Some People Are Quick to Judge, But Slow to Self-Correct
Some people judge others at the speed of sound, bluntly and mercilessly. They’re guided by a narrow perspective and an empty heart, without an ounce of empathy. The seed of egocentrism has been planted in their minds, a seed that has also planted in our surroundings.
Learning from our mistakes, biases, and misconceptions is an art that is very difficult to master. First of all, because it requires breaking down the wall of the aforementioned ego, which involves restructuring the foundations of one’s identity. How can you admit that you were wrong to judge another person if you were taught to distrust that which you do not know?
“People judge according to what they see, and they see what they want. Therefore, we end up judging that which we envy or want.”
We live in a society where value judgments prevail, everybody knows that. Sometimes, it doesn’t matter how much effort you put into something, because there will always be those who will gladly tack a label on you to distinguish you in this world of complex flora and fauna. But it doesn’t matter that this world is as chaotic as a jungle. It doesn’t matter how many times people judge you or put false labels on you.

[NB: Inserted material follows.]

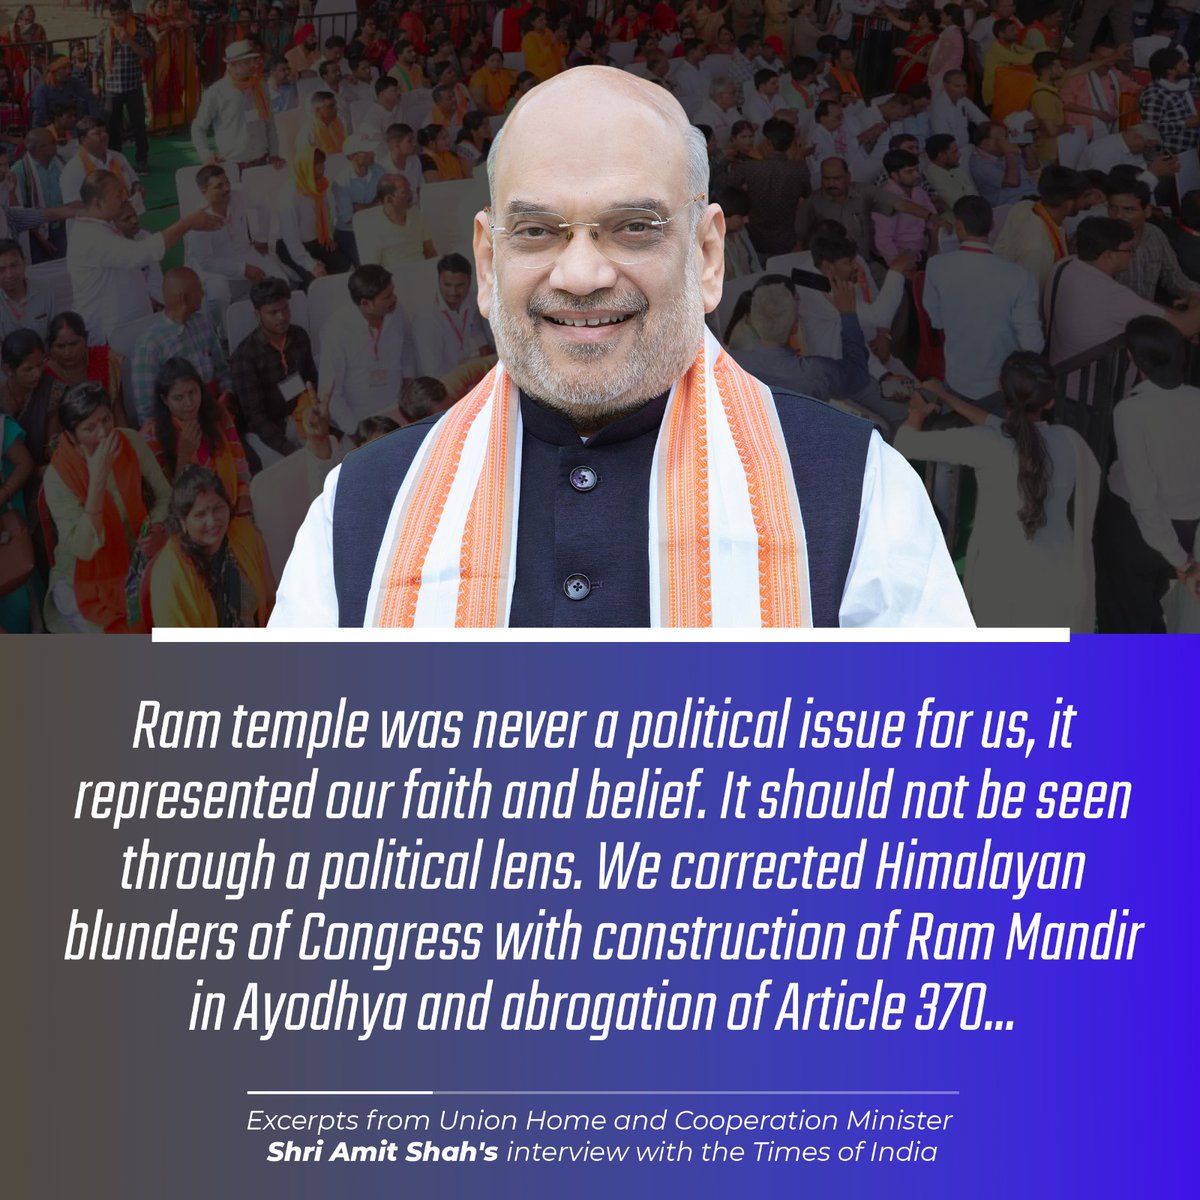 Ram temple was never a political issue for us, it represented our faith and belief.

- Shri @AmitShah

They’re just words, empty actions, background noise. Because in such a complicated world, the only thing of any value is authenticity, and that is the only thing you should work to preserve every day, in every moment.
We all judge, whether it’s with good or bad intentions
We all do it. Everybody makes value judgments in their daily lives and their relationships. However, instead of viewing this psychological resource as a negative, you have to accept it for what it really is: a natural need to evaluate and control the unknown.
Judgment is a survival mechanism. However, the way you do it feeds directly into your personality, your ingrained biases, and your flexibility of thought. According to work done by Harvard University, people spend no more than a few seconds evaluating someone. In fact, our judgments are based on two basic questions:
- Can I trust this person?
- Does this person deserve my respect?
Psychologists from Harvard refer to the first as warmth, and the second as competence. If you’re talking about competence from a work perspective, it’s an essential factor. Can this person guarantee our productivity? Are they a respectful leader? Are they creative and motivating? Could I work in a team with them?
On the other hand, warmth, or trust, is one of the most important aspects of our lives. In fact, it’s crucial for our survival. Trust means being able to share, bond, and grow. Therefore, we judge others based on what we see and how they make us feel to determine whether we can trust that person or not.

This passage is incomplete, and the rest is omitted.